▸ EXERCISE GOAL: Where the data below shows a picture, leave that picture out and copy the rest exactly.

▸ SUPPLIED DATA:

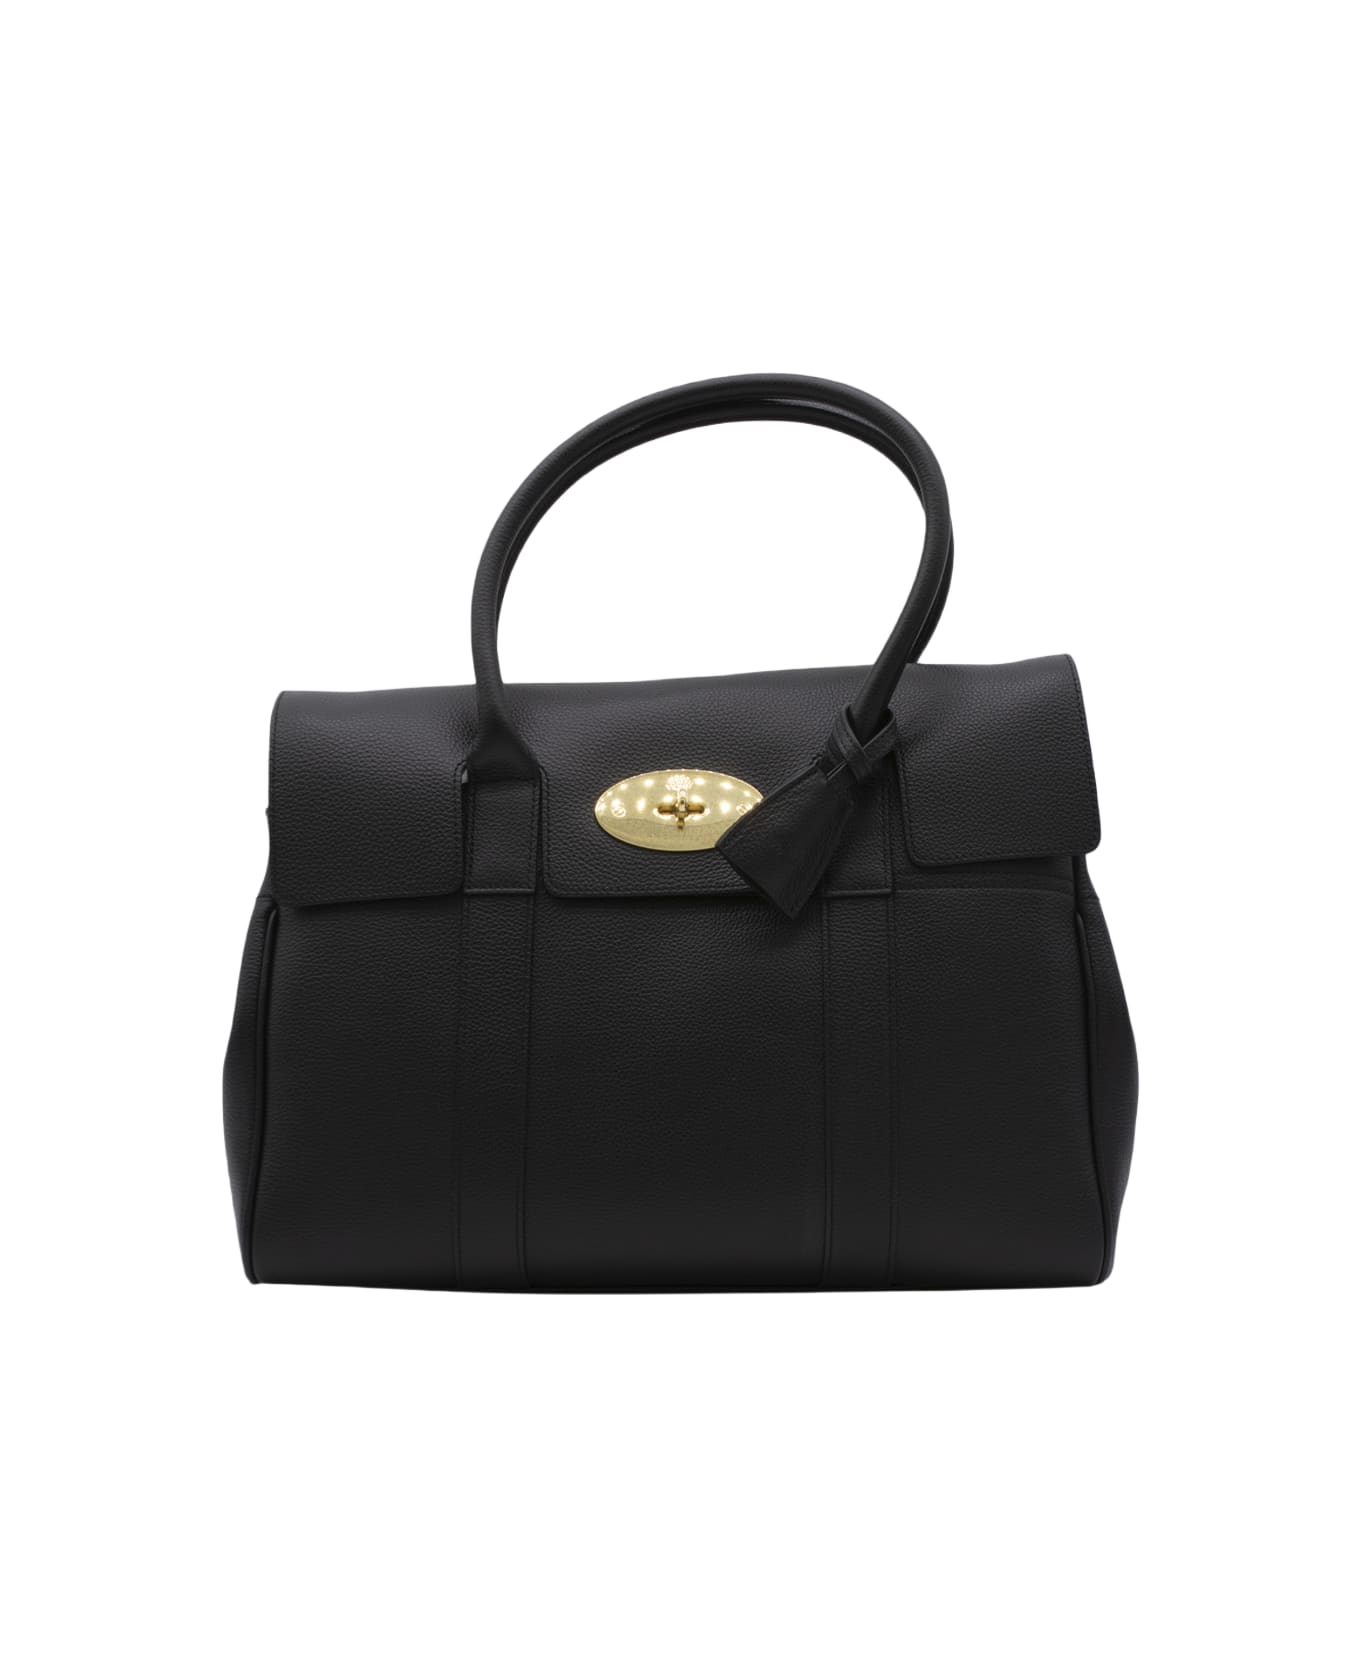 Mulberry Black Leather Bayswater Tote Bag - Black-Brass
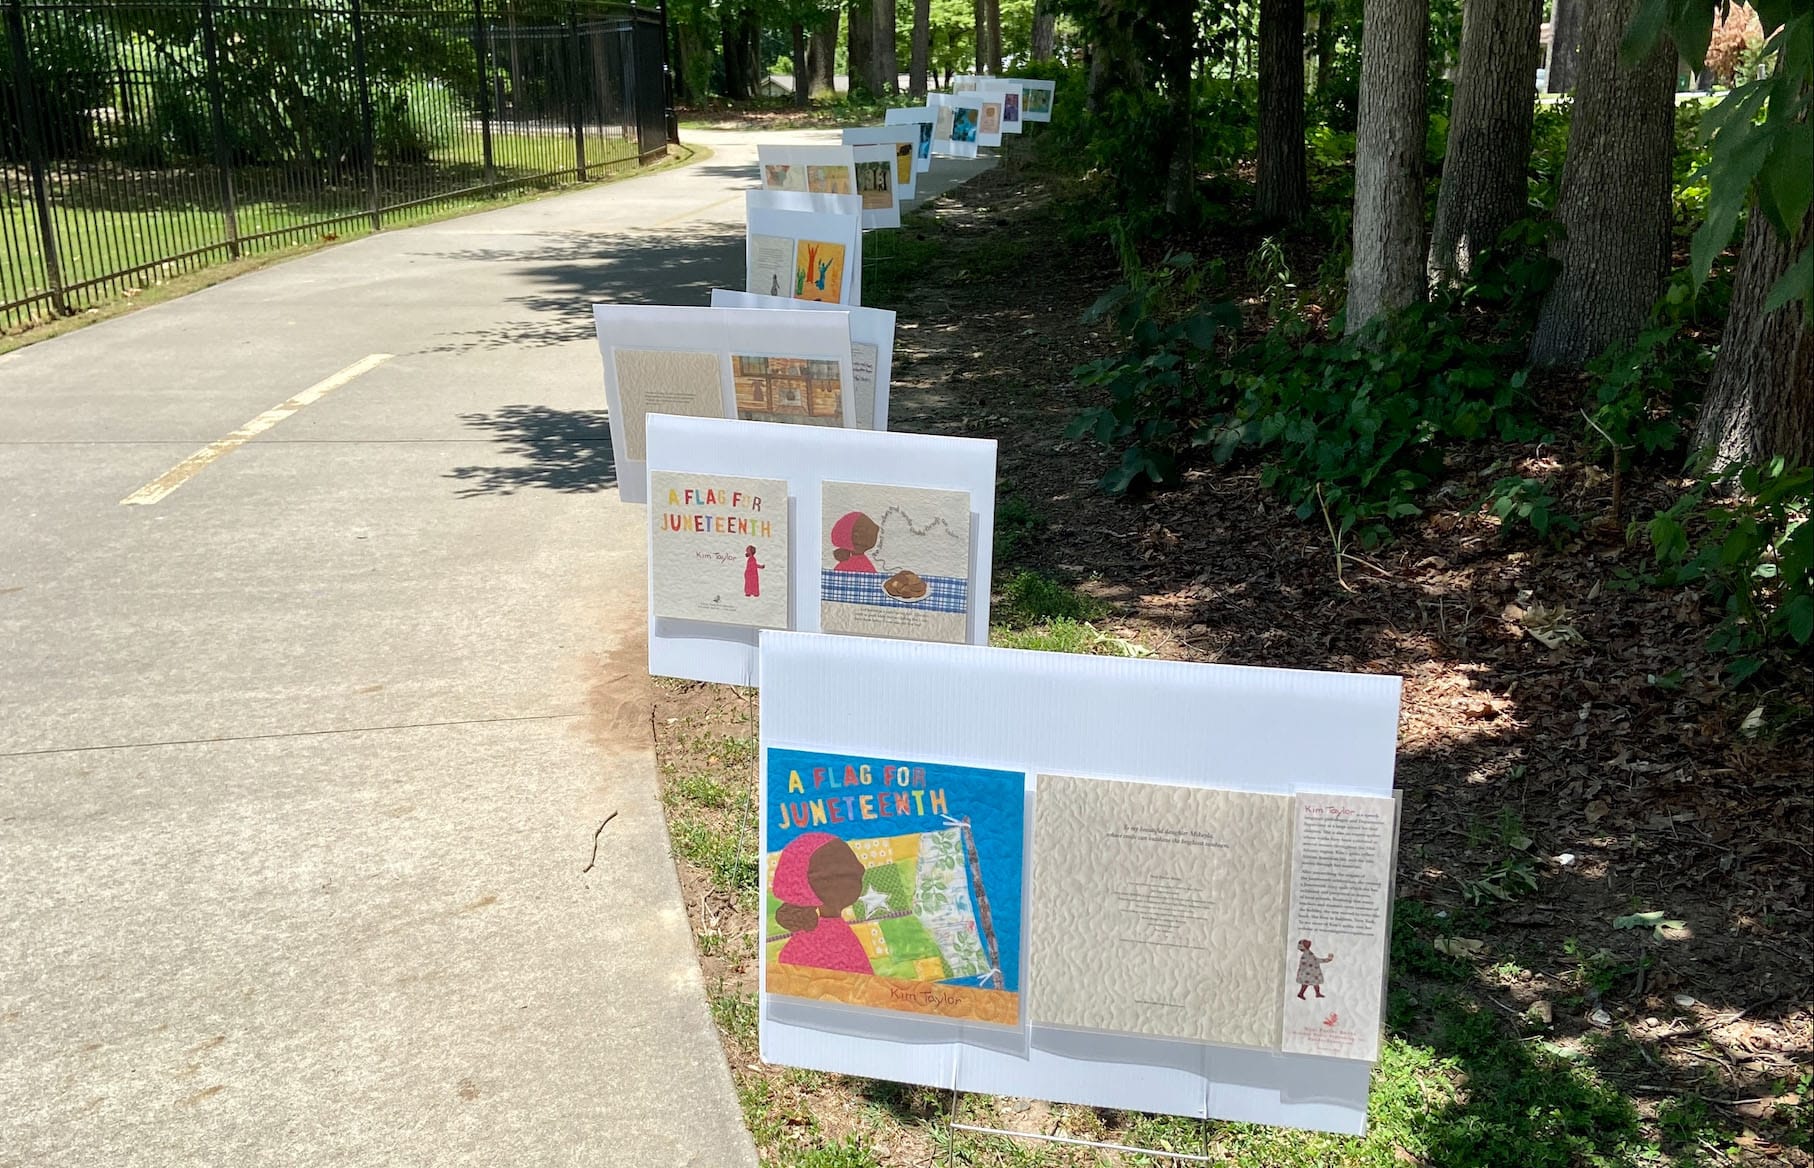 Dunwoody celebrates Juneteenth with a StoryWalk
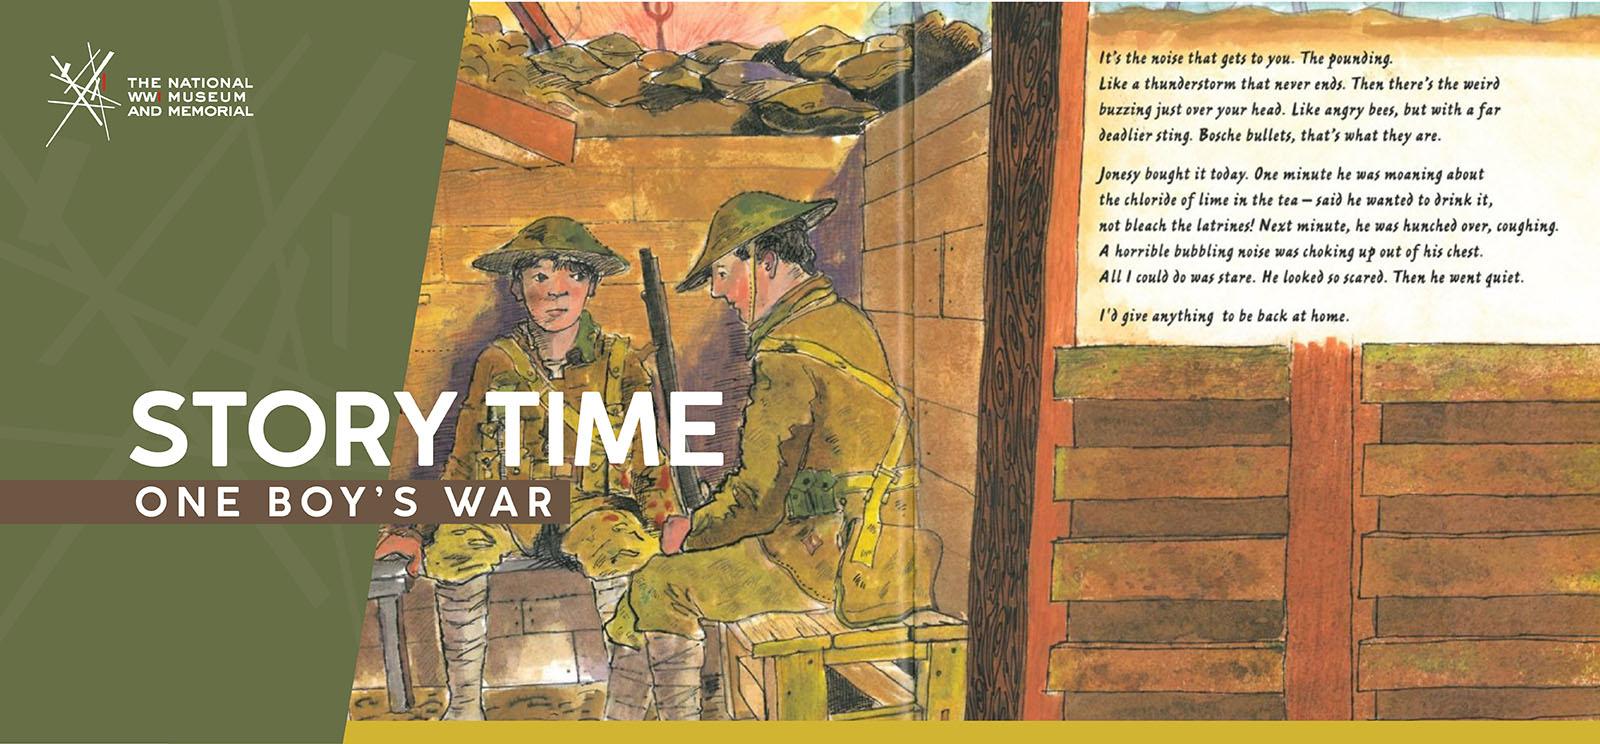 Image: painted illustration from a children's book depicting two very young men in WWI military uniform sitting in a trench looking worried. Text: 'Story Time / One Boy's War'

▸ RESULT OF THE EXERCISE:
 Mulberry Black Leather Bayswater Tote Bag - Black-Brass
 Dunwoody celebrates Juneteenth with a StoryWalk
 Image: painted illustration from a children's book depicting two very young men in WWI military uniform sitting in a trench looking worried. Text: 'Story Time / One Boy's War'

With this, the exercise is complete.